**Exercise instructions**
Reproduce the listing below word for word and exclude any picture.

══ Collected data

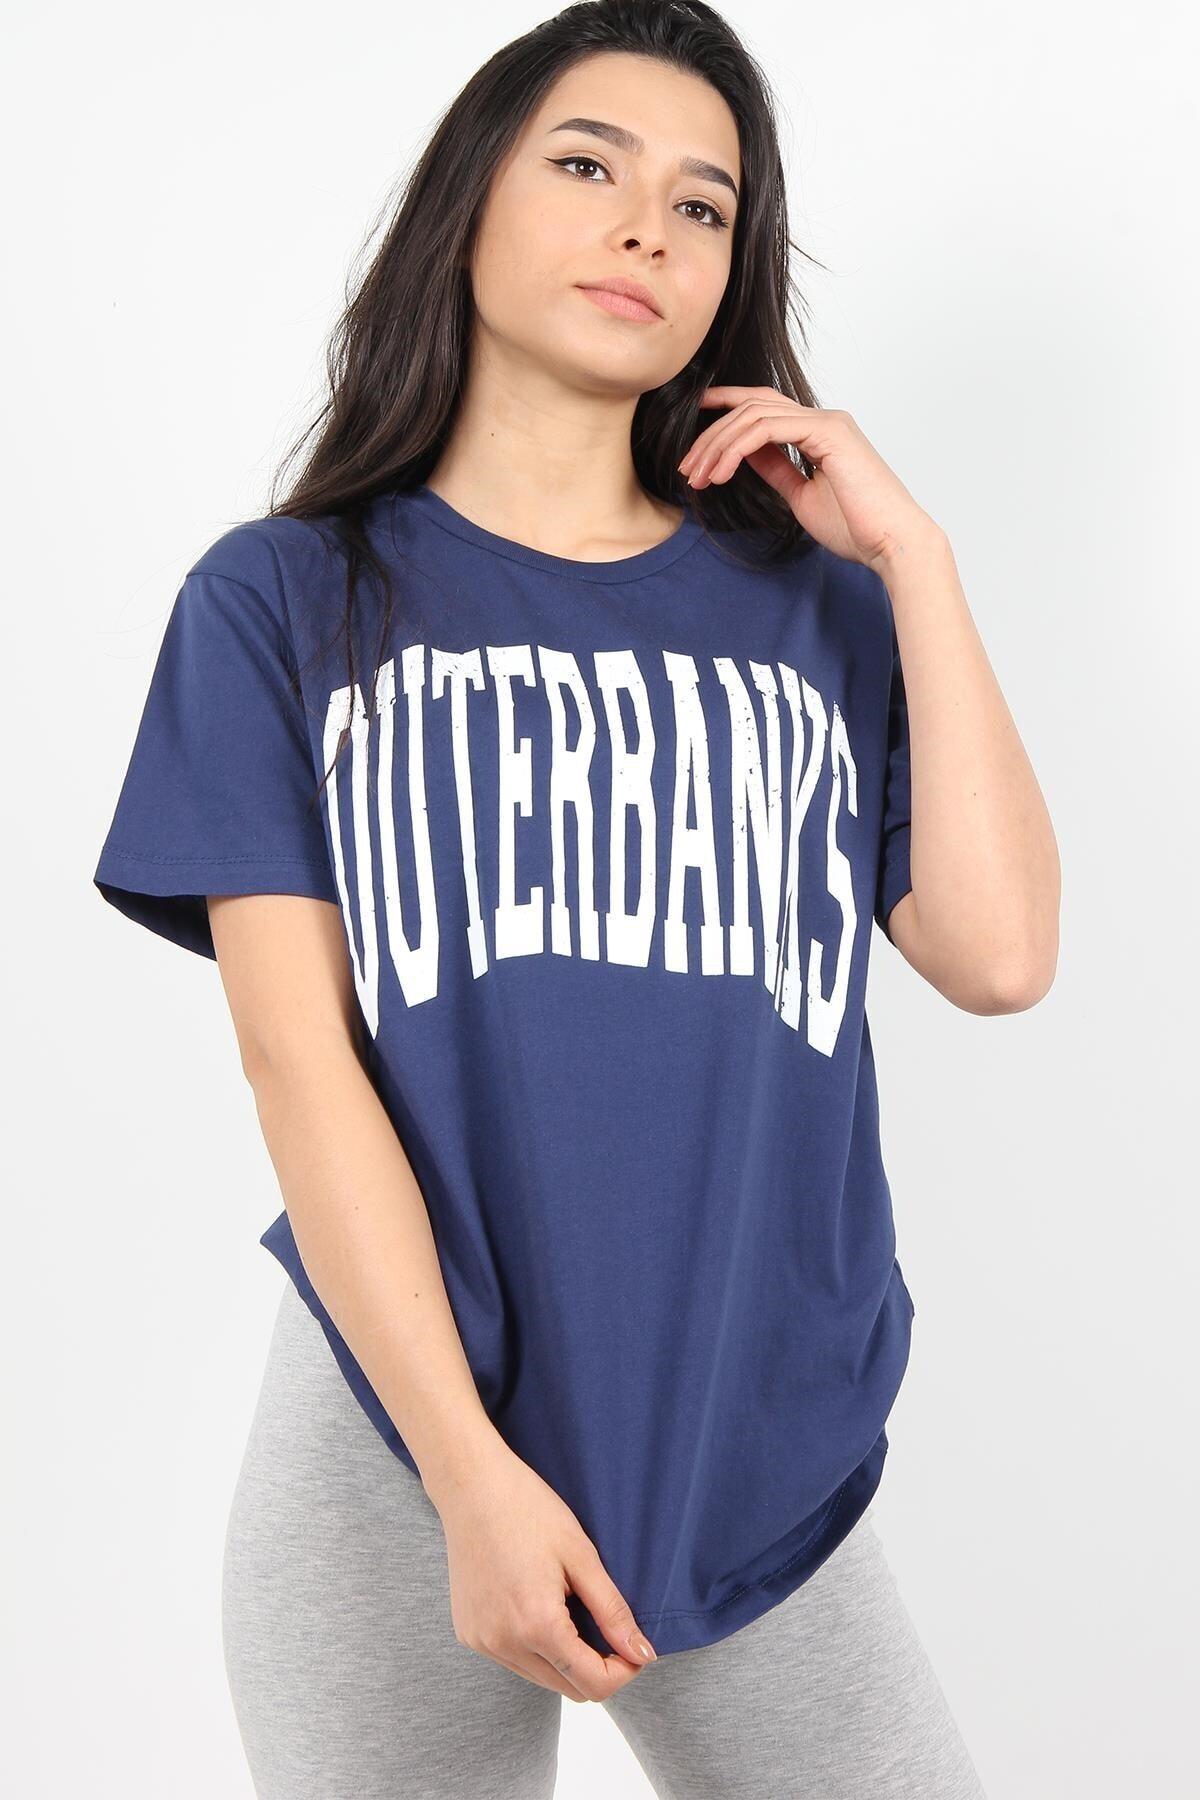 Mckanzie 7516 Outerbanks Yazılı O Yaka Tshirt 2
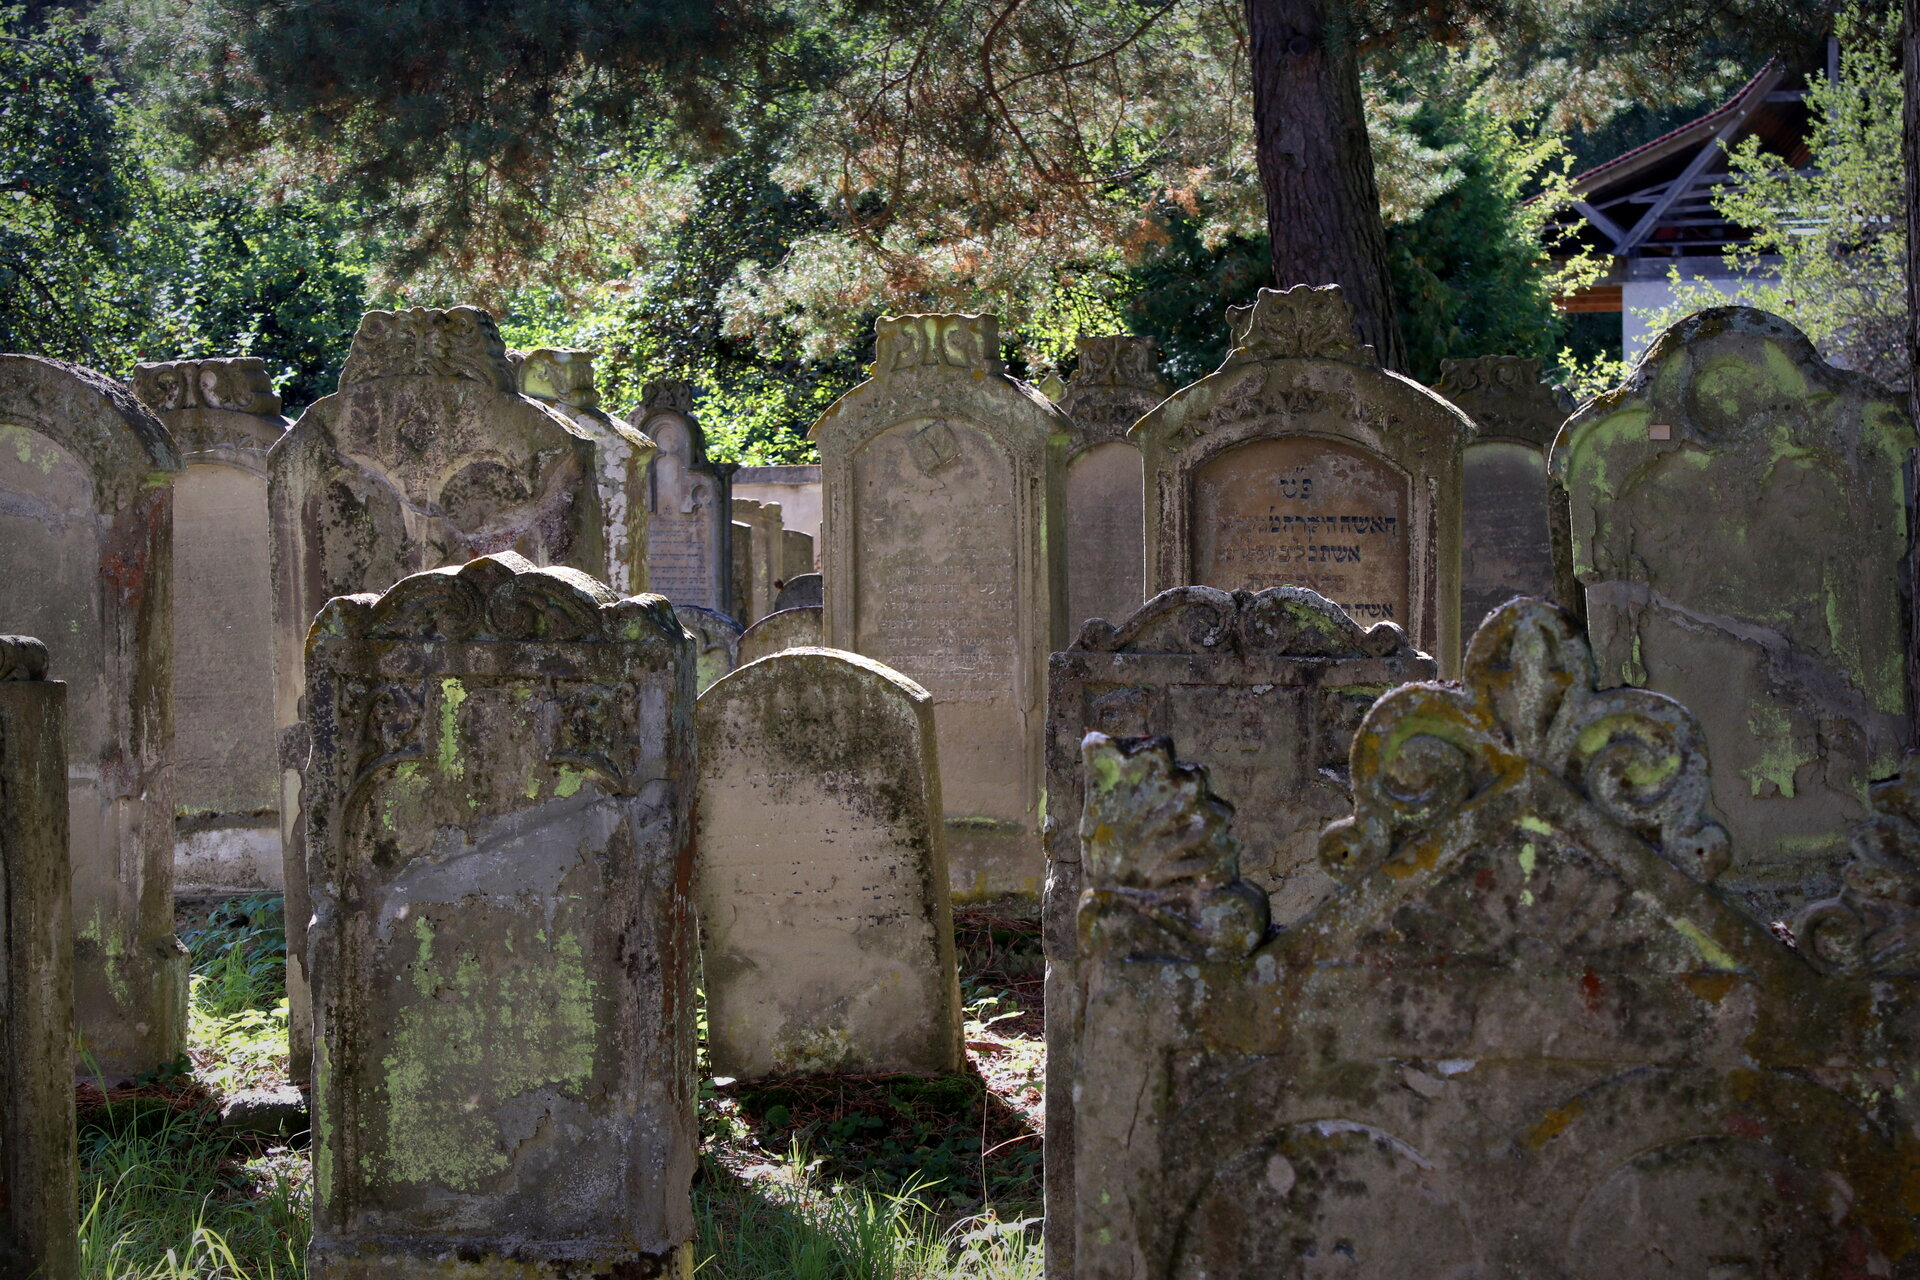 Friedhof Bechhofen
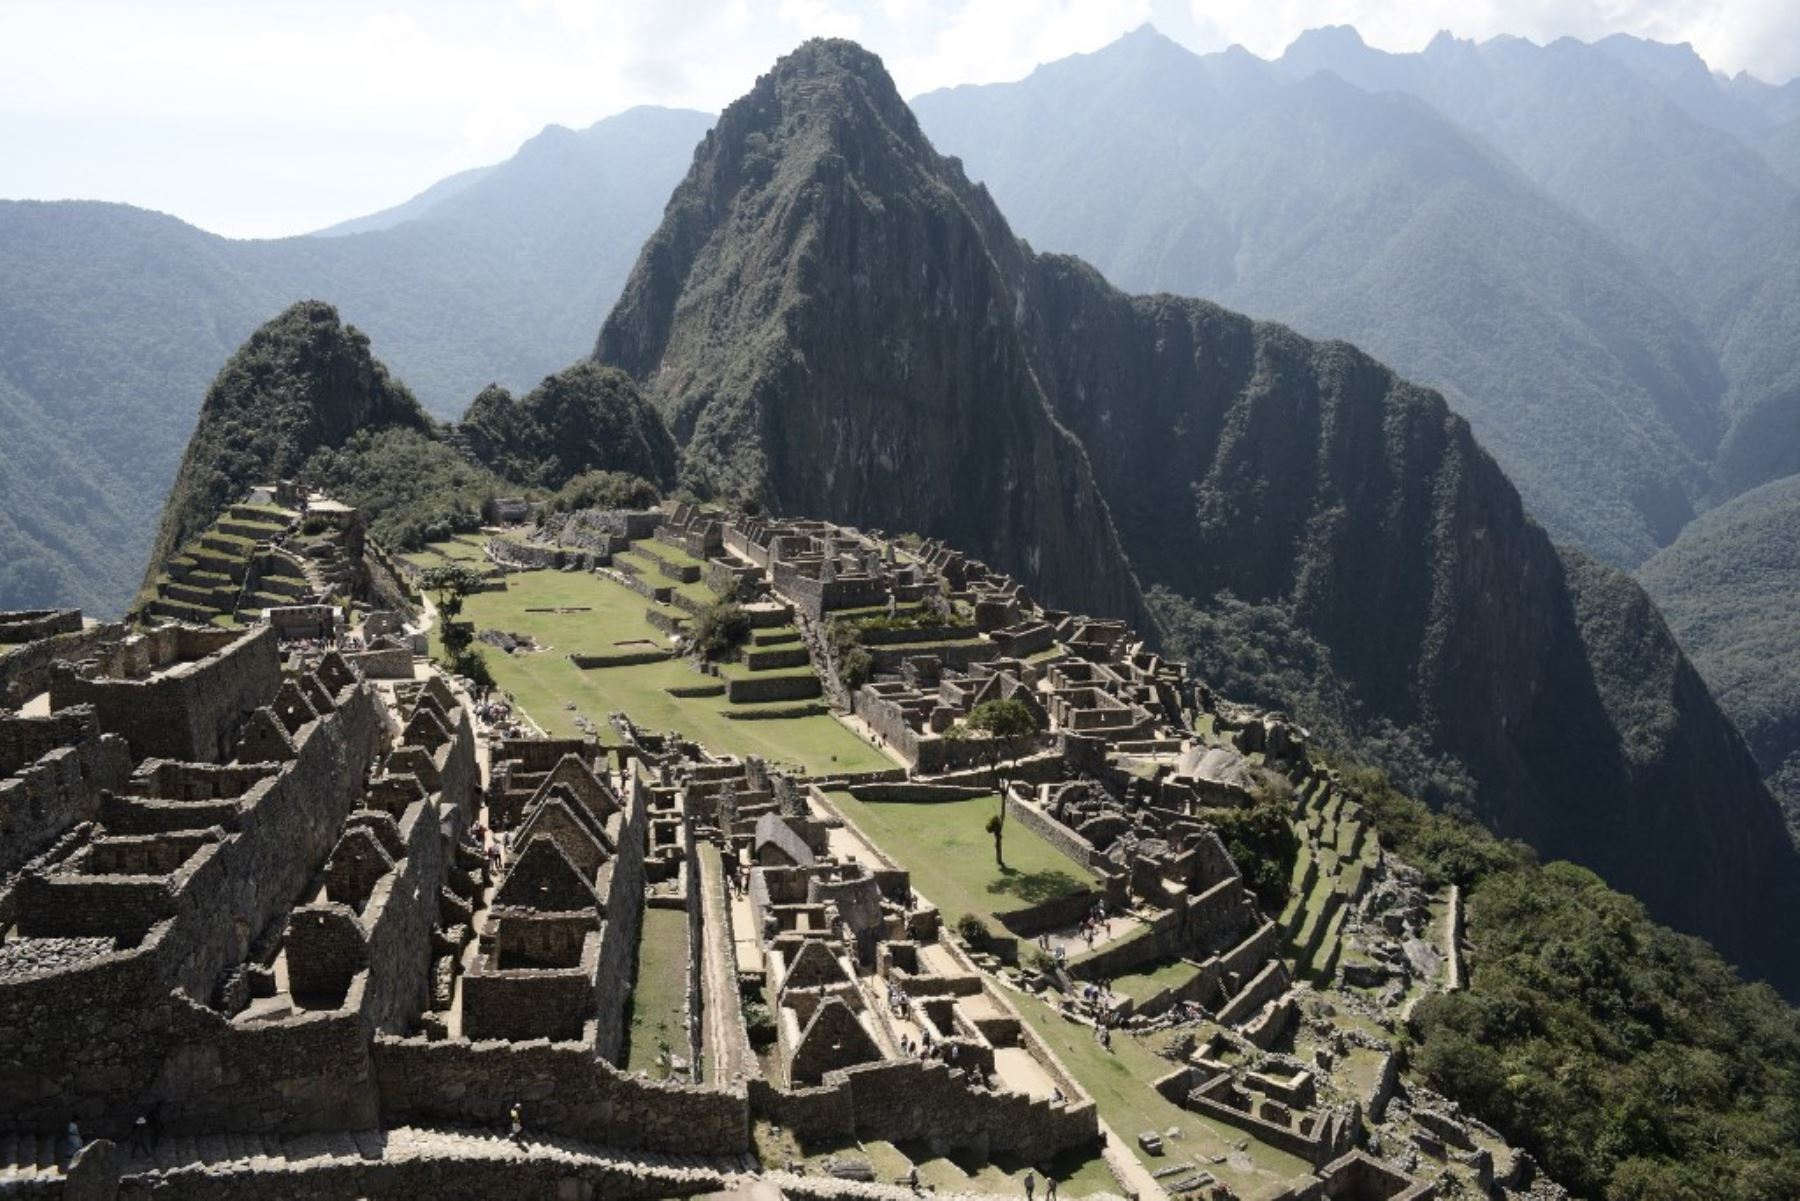 Condé Nast Traveler, prestigiosa publicación internacional, especializada en turismo de lujo y estilo de vida, recomendó a la ciudadela inca de Machu Picchu, principal atractivo turístico del Perú y una de las siete nuevas maravillas mundiales, como uno de los once mejores lugares del planeta para viajar este mes de mayo. Foto: AFP

════

**Expected output**
 Mckanzie 7516 Outerbanks Yazılı O Yaka Tshirt 2
 Friedhof Bechhofen
 Condé Nast Traveler, prestigiosa publicación internacional, especializada en turismo de lujo y estilo de vida, recomendó a la ciudadela inca de Machu Picchu, principal atractivo turístico del Perú y una de las siete nuevas maravillas mundiales, como uno de los once mejores lugares del planeta para viajar este mes de mayo. Foto: AFP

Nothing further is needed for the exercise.